The Panic of 1837 was one of the worst financial crises to ever hit the United States of America (at the time it was the worst).  It brought a five year recession in its wake.  Gloom mongers (and even hard-headed realists) believed that the nation would never recover its prosperity.

During the 1830s there was an immense boom of real estate speculation focused on public lands which were being sold off to buyers with political connections.  Huge fortunes could be made by reselling this land to railroad companies and canal builders who were rushing forward with competing projects.  The individual states were complicit with this mania, sinking vast amounts of public money into a diverse array of infrastructure projects both good and bad.

A "wildcat" three dollar banknote issued by a Michigan Bank for some sort of "Safety Fund" in 1837

Through various vetoes and political maneuvers President Andrew Jackson had successfully engineered the demise of the Second Bank of the United States (which was unable to renew its charter in 1832).  A great rash of new banks and investment companies sprang up throughout the 1830’s to supplant the bank.  Rather than paying off their debts and refinancing new projects, these financial houses anticipated greater profits from investing borrowed capital in the booming land speculations.  Because of this apparent national prosperity, the balance of trade shifted.  America, previously an exporter, was suddenly importing more goods than it was selling.  In anticipation of the huge profits, American states and corporations (and wealthy individuals) were borrowing money from European banks.  Additionally,  the world’s climate was changing in the 1830s.  An unusually cold era marked by intense volcanic activity and by an anomalous paucity of sunspots (the Dalton minimum) was coming to an end.  As environmental conditions changed, crops failed in 1835 and in 1837.

All of these factors were topped off by disastrous executive meddling.  The Specie Circular Act was an executive order issued summarily by Andrew Jackson in 1836 (during his last year in office) and carried out by his unfortunate successor. It required payment for all government land to be in gold or silver.  Jackson anticipated that the nation’s coffers would fill up with precious metals (he apparently did not trust paper money).  But people did not and could not pay.  The bubble burst.  Over 600 banks failed and the cotton market completely collapsed.  Eight states partially or wholly failed and even the Federal government was unable to discharge its debts.  Trade stood still as business confidence evaporated entirely.  Food riots shook the country.  Unemployment and hardship were the watchwords of the time.  The whole sad affair was exacerbated by economic calamity overseas: European bankers, suffering from their own setbacks, curtailed lending.  It was not until 1842 that the economy began to recover.

"I have no money and cannot get any work."

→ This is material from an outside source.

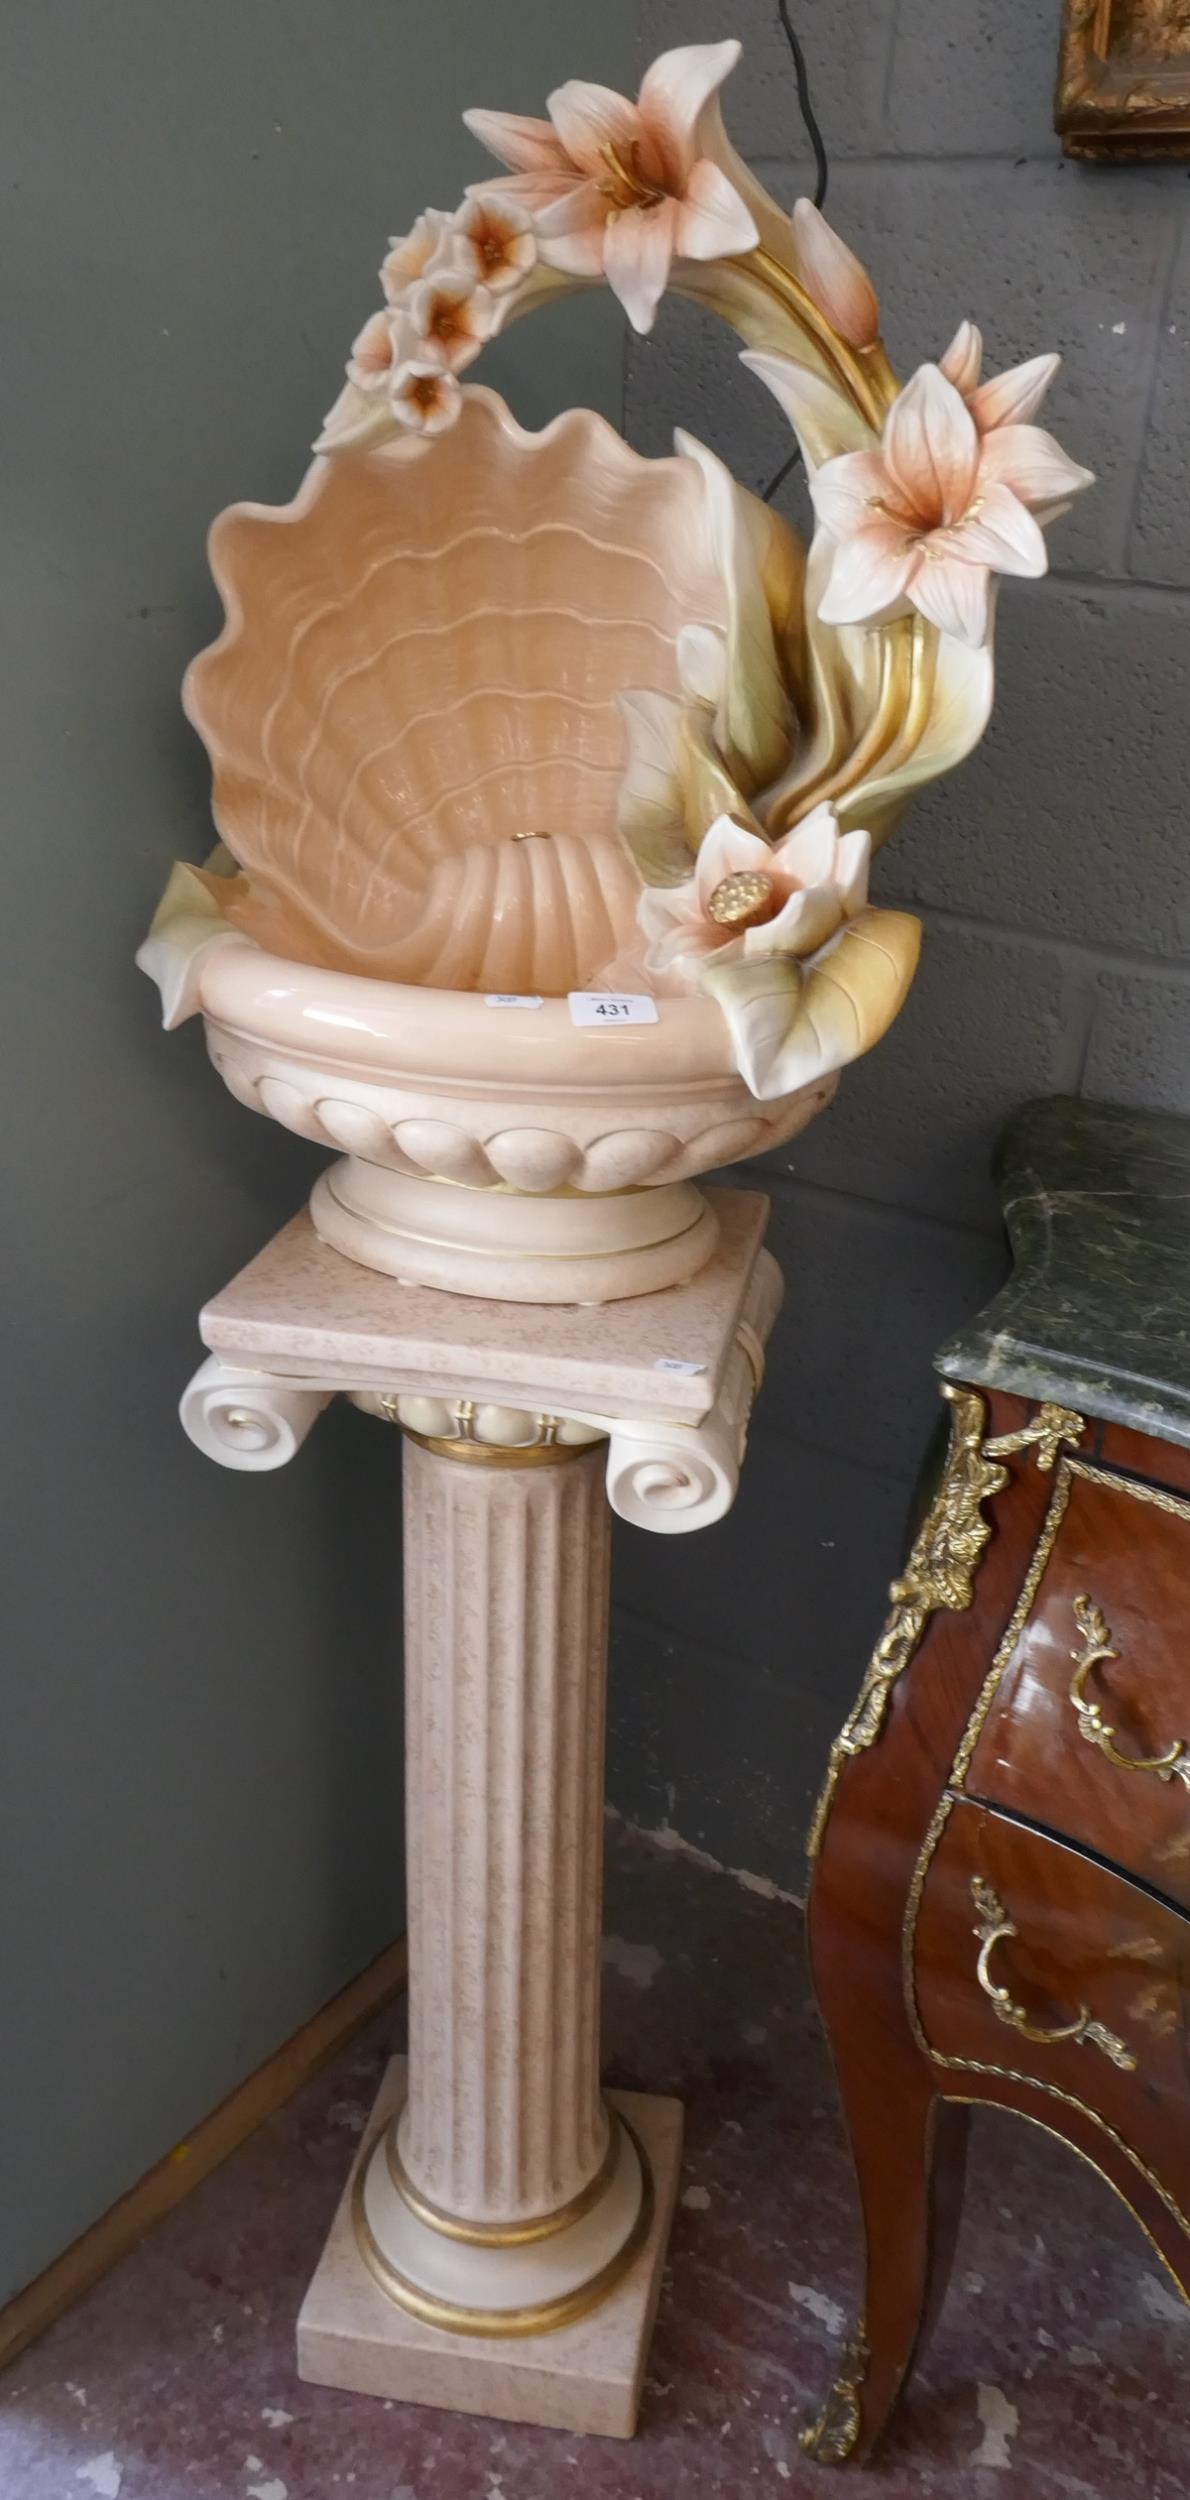 Decorative water feature on pedestal base in working order - Approx. height: 137cm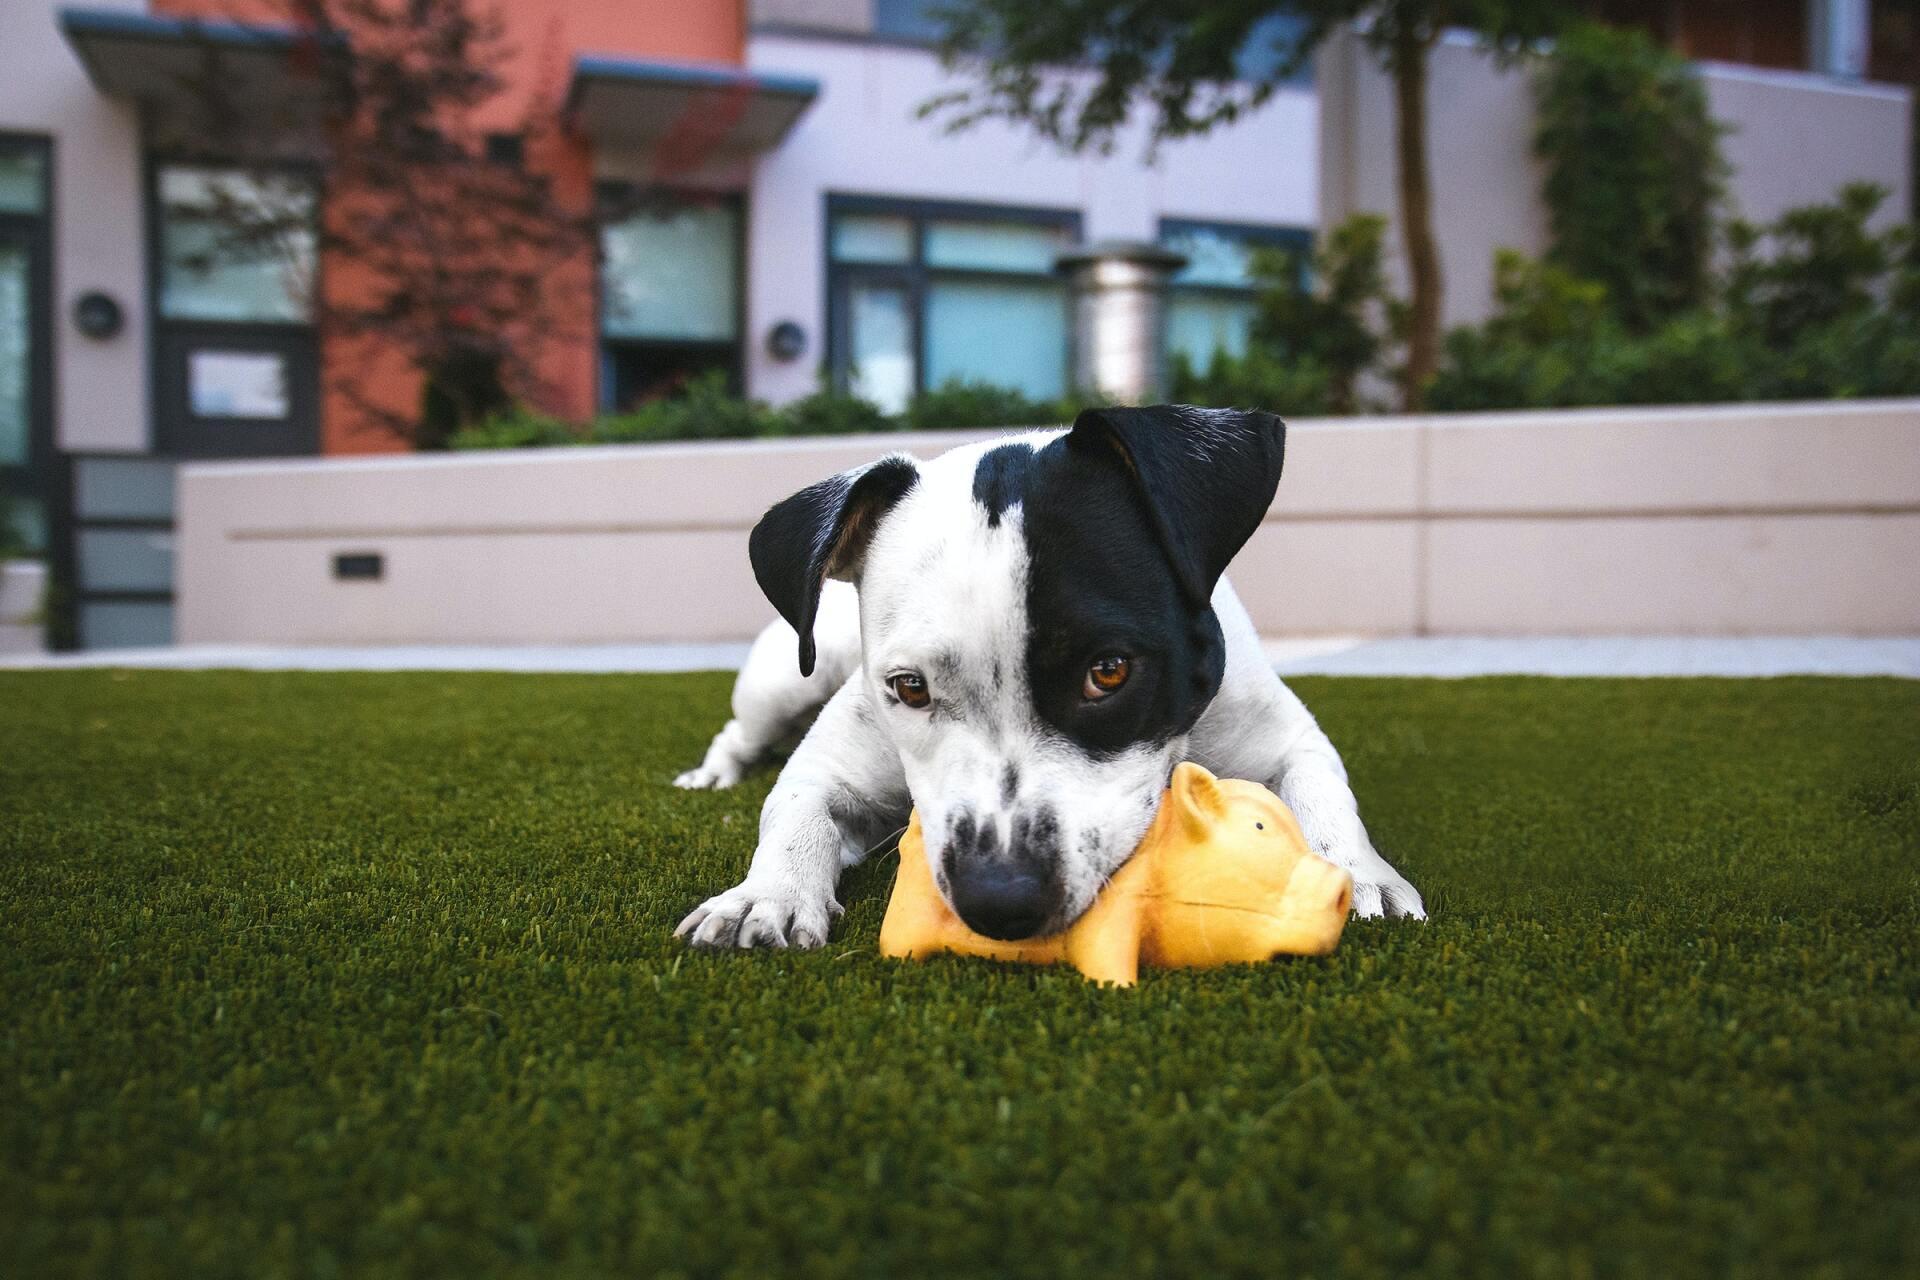 Your dog can play and roll as much as he wants on synthetic grass designed specifically for dogs. For ruff-tough synthetic turf, no play time is too crazy or too rough.

Strangely enough, the grim era between 1837 and 1842 witnessed tremendous technical innovations which would reshape the nation and the world.  In 1837 Samuel Morse invented the electric telegraph, which he successfully tested on January 6th 1838 at the Speedwell near Morristown, New Jersey–thus inventing the telecommunications industry.  Crawford Williamson Long used ether for the first time on March 30, 1842 to remove a tumor from the neck of a patient and usher in a new era of surgery.  In Europe a German chemist invented artificial fertilizer while James Nasmyth perfected the steam hammer (which made it much easier to build large machines).  Morse’s accomplishments and those of his fellow inventors are remembered.  The failures of the rapacious bankers, greedy speculators, and incompetent politicians have been forgotten by everyone except for historians.